In this study, a cement plant location was determined by considering essential parameters such as the locations of resources and their importance in the manufacturing process. A crucial mathematical problem, named Weber problem, reinforced the decision of the method of allocating the factory. Additionally, not only the limitations of the cement production but also the importance weights of goods used in the manufacturing were taken into account in the iterative methodology in order to answer the engineering question via the mathematical problem. As a result, by optimizing the case through the iterations introduced in the paper, the location of the cement plant was set. Hence several losses such as extra travel distances and time wasting in transportation were minimized.

## Keywords

Cement plant Iterative technique Optimization Transportation cost Weber problem## 1 Introduction

For many decades, mathematical techniques, models, and methodologies have been essential in order to provide the understanding of countless engineering processes and implementations. Using mathematical models in many academic researches, it was demonstrated that numerous infrastructure problems can be solved, for instance, locating facilities or infrastructure related to a specific industry such as cement production.

The location of a facility is the place where the business will be established and will continue to work throughout service life. In determining the business strategy, the company determines what goods or services will be offered and in which market it will compete. After making the product and process design decisions, the next step is the choice of location. Location decision affects costs of supplying inputs, production, and distribution, thus influencing productivity. The location of the establishment is in question not only in new establishments, but also in decisions expanding the facility, producing new products, or adding a new section to the plant.

Therefore, the scope of this work is to make right, healthy, and sustainable location determination for a selected specific industry, namely cement manufacturing facility by using a method mentioned later on, which can be applied to any kind of facility construction by taking the parameters affecting the cost into account. Cement production industry is vital for the economic development of a country and cannot be totally removed. Thus eliminating the damaging effects of such facilities can be a more preferable way in order to determine the most convenient location of these plants. This study will offer a route for determination of location for similar industrial activities rather than only cement production.

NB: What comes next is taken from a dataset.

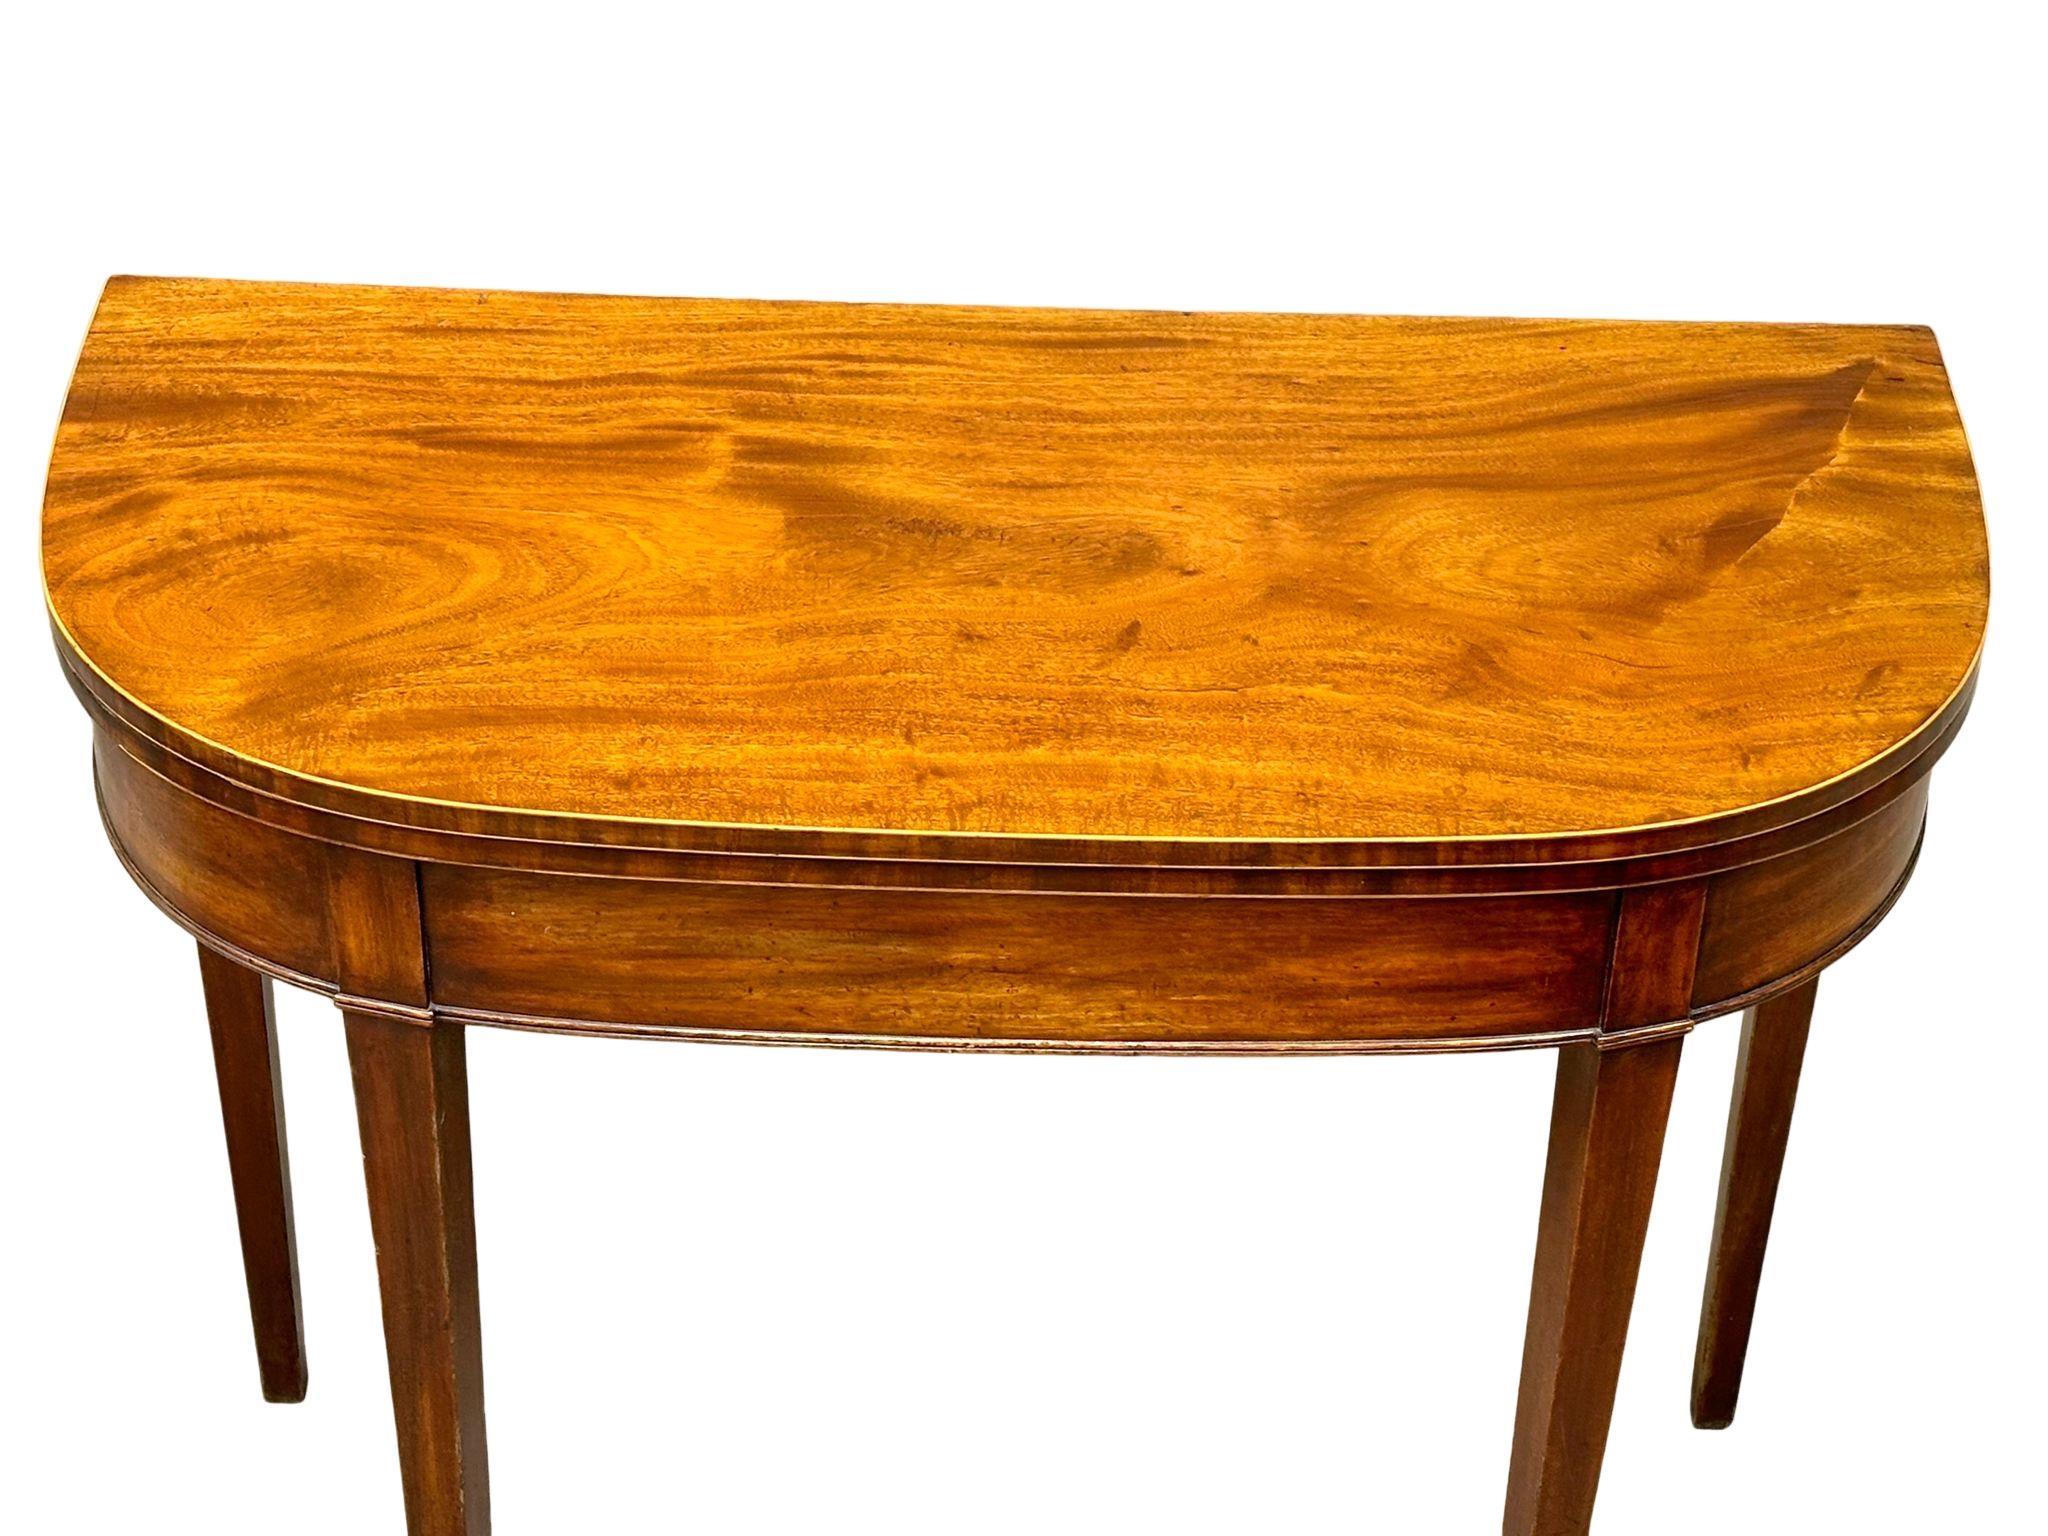 A George III inlaid mahogany turnover tea table. Circa 1800. 91x45.5x73cm - Image 6 of 6

The remainder of this paper is organized as follows. In the next section (Sect. 2), a literature review is provided. Section 3 describes the methodology, including the models applied for the implementation of our proposed approach. In Sect. 4, we present a typical case study, followed by the main results in Sect. 5 with discussions. Finally, conclusions are delivered in Sect. 6.

## 2 Literature review

Using mathematical techniques and models in many academic researches for many decades, it was shown that several infrastructure and transportation problems can be solved when locating facilities related to a particular industry. For instance, research on the problems of optimizing transportation costs, network analysis, and regulating the road capacities on a transportation network can be described via inequalities [1, 2, 3]. After employing an optimization technique, solutions with an adequate performance of traffic, location analysis, including transportation, can be found. Another specific area could be determining a transportation activity location such as that of a cement plant, which is one of the most common concerns of local or regional authorities. For such a purpose, many researches have been conducted in the literature. Researchers [4] studied the problem of locating undesirable facilities such as landfills, creating potential effects of soil anomalies. They utilized different maps such as those of land use, soil, rivers, road networks, etc., in order to overlay them in a geographical information system (GIS). There are musts and needs in order to locate facilities. For example, a facility could be located a few kilometers away from cultivable lands and within a specific distance from an asphalt road. In addition, specific facilities such as cement plants, which may cause undesirable effects to the environment, must keep a certain distance to special places such as residential areas. Therefore, due to the negative impact of cement plants on the environment, alternative materials instead of cement have been sought by some investigators in their research [5, 6]. Alternative areas can be revealed using the tools of computer software including mathematical models.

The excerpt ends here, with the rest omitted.